# Owen Notation



## Owen (Dec 2, 2011)

Okay, you may remember me mentioning "Owen Notation" several months ago. (Here)

It is about time that it comes to fruition! Here is goes:

Owen notation is based off the idea of turns being notated by two letter combinations, strung together into easy-to-read, and easy to memorize data strings.

For simplicity sake, I'll show you in comparison to "standard" notation, for the basic moves.

R = Ce
R' = Ca
L = Pe
L' = Pa
U = Se
U' = Sa
D = De
D' = Da
F = Fe
F' = Fa
M = Je
M' = Ja (M follows R)
E = Le
E' = La

For double turns, you just slam "m" to the end.

So, that's how basic moves work. The R U R' U' trigger would be CeSeCaSa. Fun and simple!

Here are some more advanced moves:

*Cube rotations*


x = Eh
x' = Ek
y = Oh
y' = Ok
z = Ah
z' = Ak



*Wide turns
*

You simple insert "i" between the two letters of the moves.

D would be "Die", M would be "Jie", etcetera.





I hope you enjoy, and start using this notation. I will add more to this post, so tell me if I missed anything.

THE T-PERM would look like:

CeSeCaSaCaFeCemSaCaSaCeSeCaFa


----------



## 4. (Dec 2, 2011)

Nice, but I think Ce/Se and Ca/Sa could be easily confused.


----------



## Andrew Ricci (Dec 2, 2011)

I dislike that even basic moves and rotations have two letters per single turn. Maybe Ca and Ce could be switched to C and Ca, but that's just like standard notation so what's the use? Plus, this will be much more difficult to memorize, since only Fa/Fe is similar to the actual face name. Sorry to say, but I just find it unnecessary.


----------



## Kirjava (Dec 3, 2011)

The problem with proposing a new notation is that it will be extremely difficult to get it adopted.

The problem with this notation is that the letters appear nonsensically assigned and things like Siem/Ciem sound almost exactly the same.

What's wrong with our current notation?


----------



## RNewms27 (Dec 3, 2011)

theanonymouscuber said:


> I dislike that even basic moves and rotations have two letters per single turn. Maybe Ca and Ce could be switched to C and Ca, but that's just like standard notation so what's the use? Plus, this will be much more difficult to memorize, since only Fa/Fe is similar to the actual face name. Sorry to say, but I just find it unnecessary.


 
If you remember R because it starts with the same letter as RIGHT, then it may be a problem for you. Audio memory will probably be simple for memorizing algs.


----------



## Owen (Dec 3, 2011)

Kirjava said:


> The problem with proposing a new notation is that it will be extremely difficult to get it adopted.
> 
> The problem with this notation is that the letters appear nonsensically assigned and things like Siem/Ciem sound almost exactly the same.
> 
> What's wrong with our current notation?

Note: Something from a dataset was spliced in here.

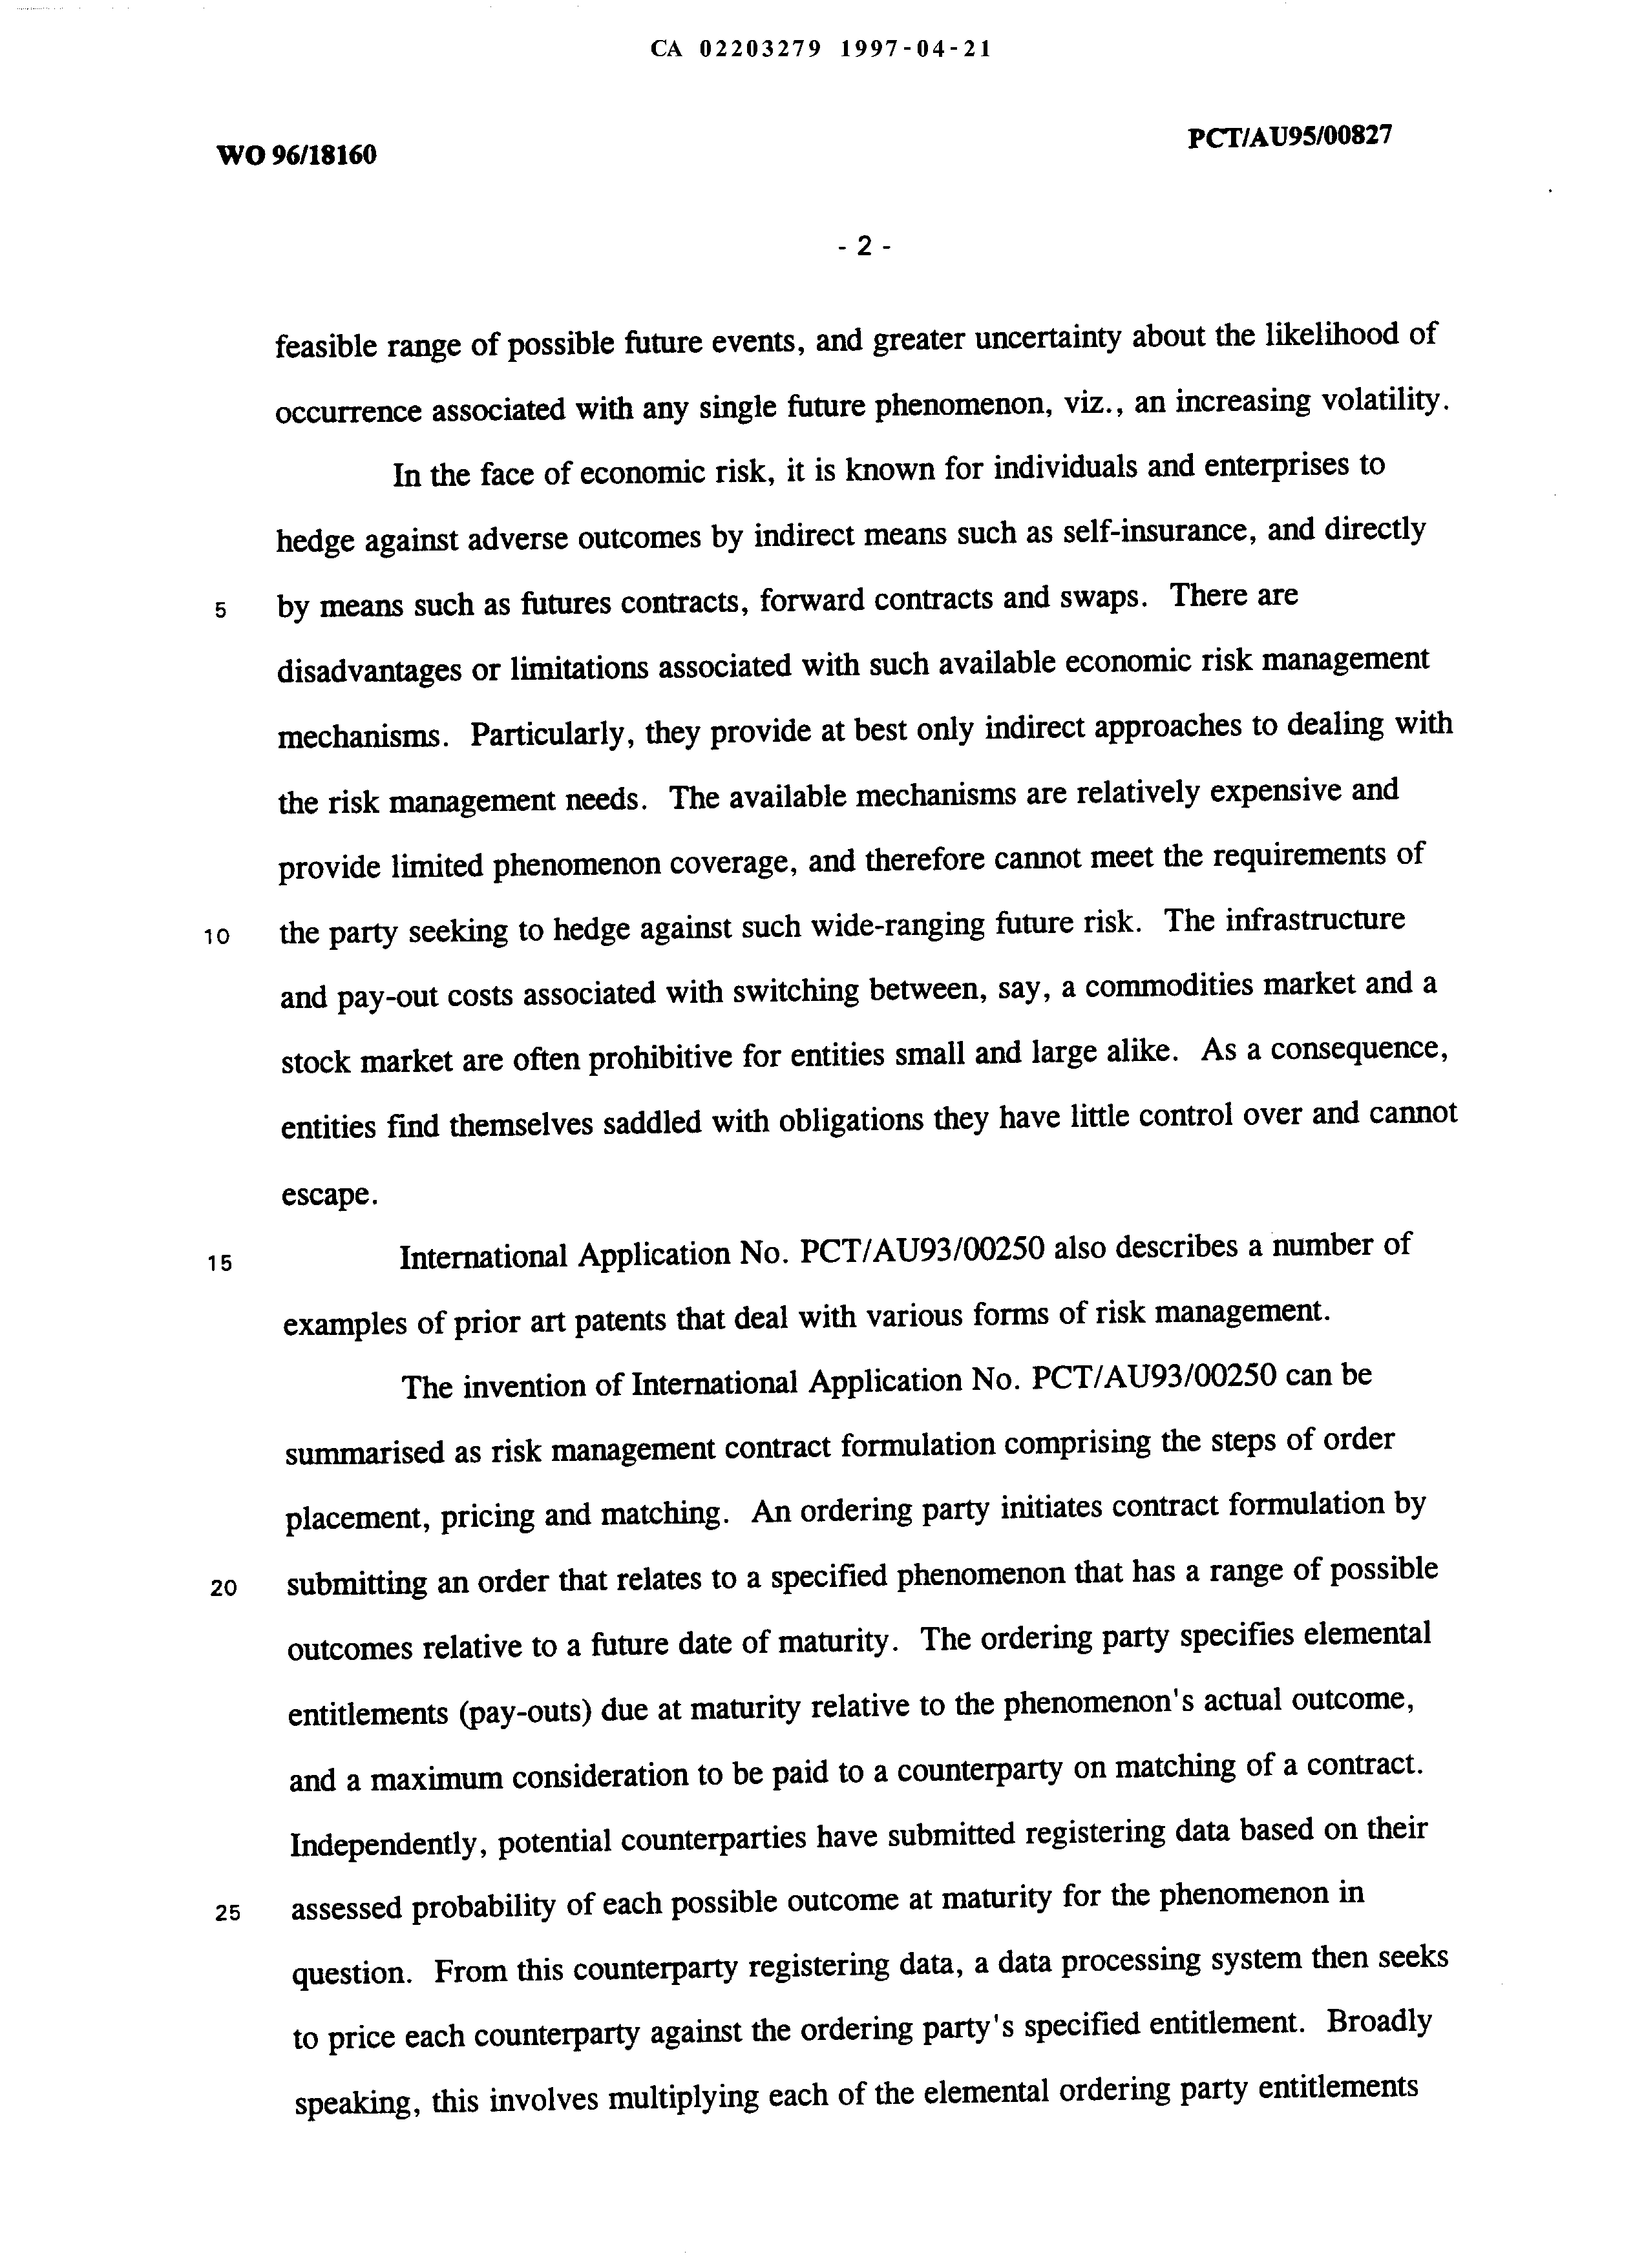 Canadian Patent Document 2203279. Description 20051226. Image 2 of 49

I believe I've explained this to you. In the standard notation M follows L. The current notation cannot be pronounced. The current notation is NO FUN. 

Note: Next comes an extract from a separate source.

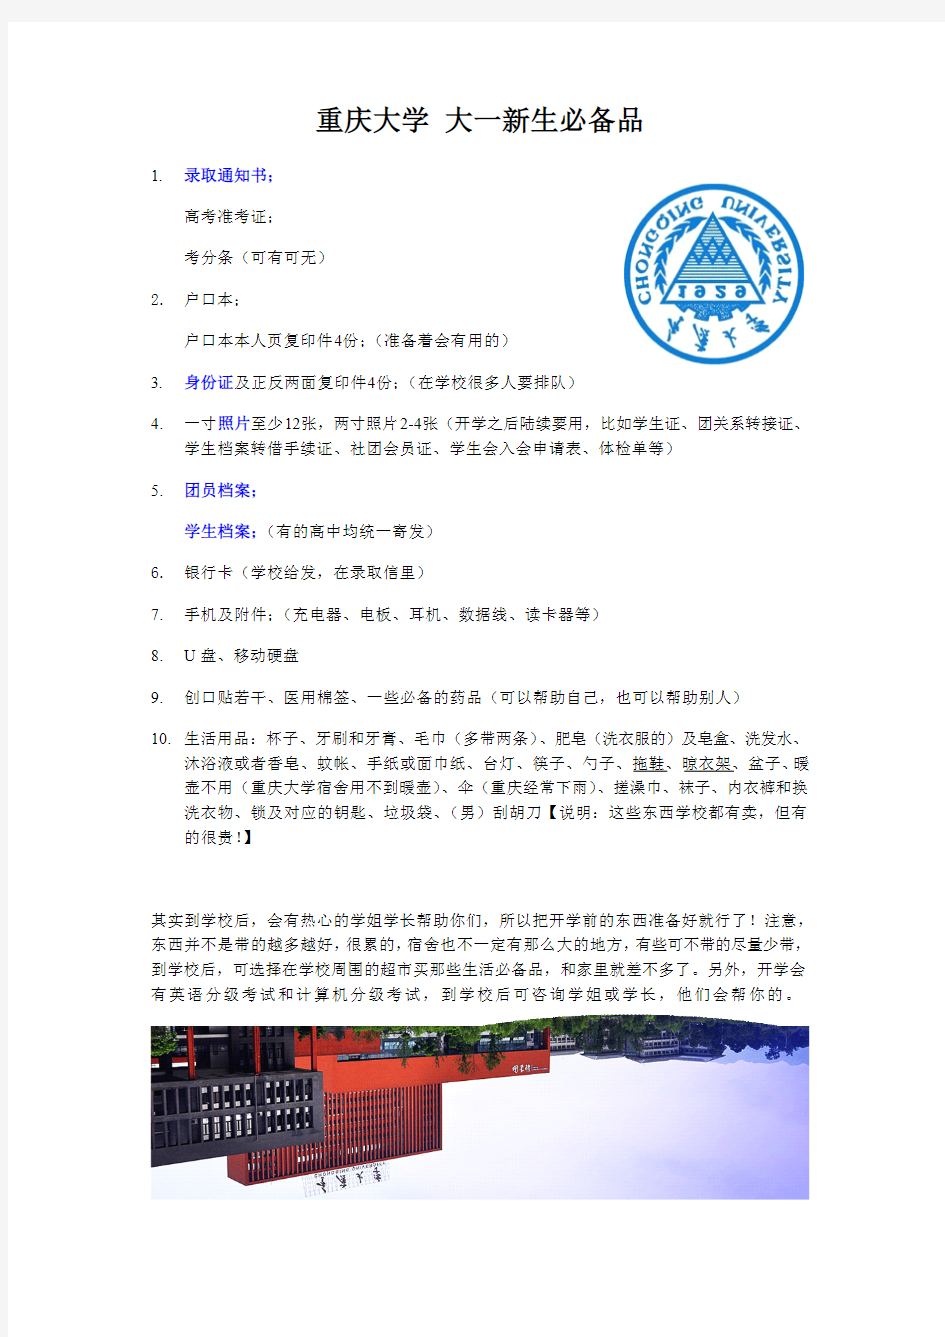 重庆大学大一新生必备品列表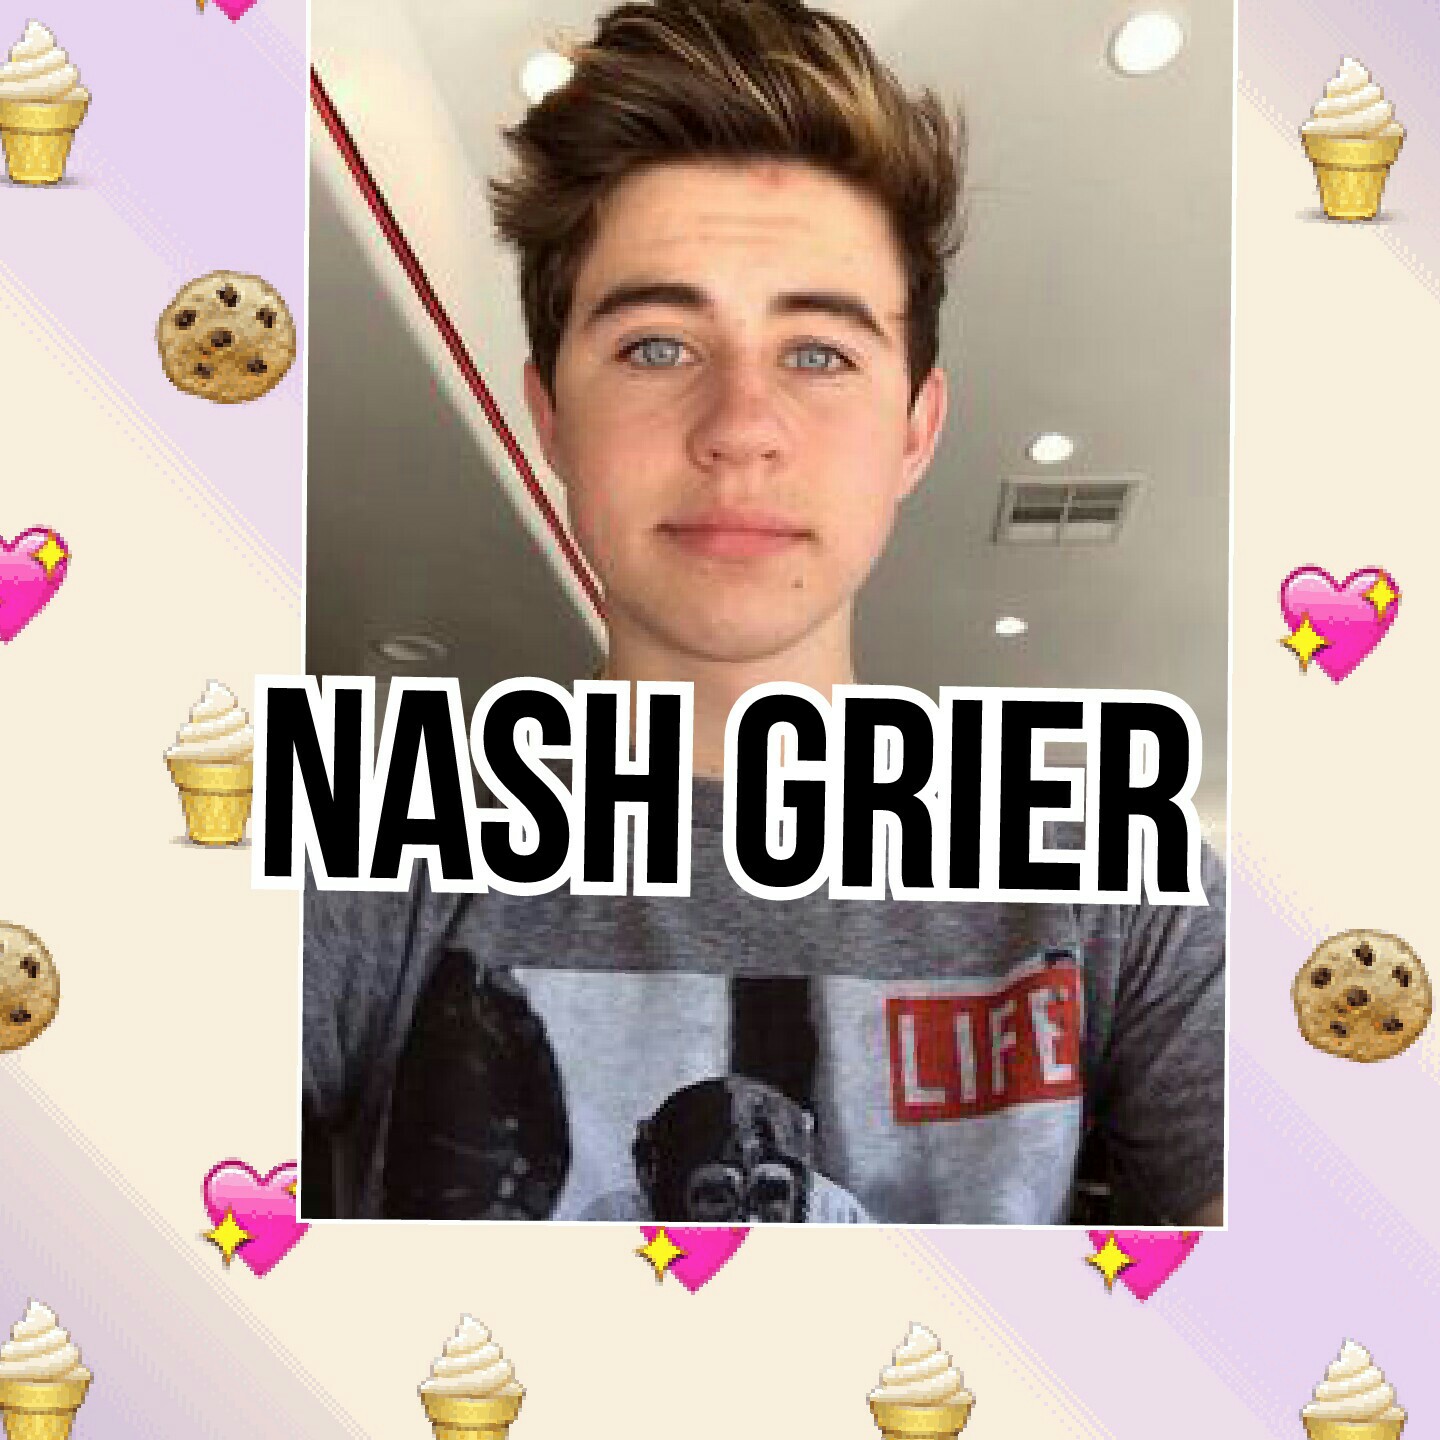 Nash grier

"C" is pronounced like it is in "Cat".


----------



## Sa967St (Dec 3, 2011)

The notation is clearly not useful for people who speak languages that don't primarily use Roman letters. 

I doubt it'd be useful for anyone. Who wants to see a system with 13 different letters being involved? 

Why is it important to you for algs to be 'pronounced'?


----------



## asportking (Dec 3, 2011)

I don't think it's THAT bad of a notation, but like someone (I think Kirjava?) said, it would be really hard to get everyone to adapt to a new notation. All of the youtube tutorials that have been made would be really confusing, because they'd be using the "old" notation. Along with all the cubing websites with algorithms, it just seems like a lot of work to change something that works perfectly fine already.


----------



## Sa967St (Dec 3, 2011)

Owen said:


> "C" is pronounced like it is in "Cat".


Then the "C"s should be changed to "K"s. It's not at all obvious that it's a hard C sound. 
In fact if algs in your notation were to be pronounced as if they were English words, most of the time Cs would come out as soft Cs.



asportking said:


> it just seems like a lot of work to change something that works perfectly fine already.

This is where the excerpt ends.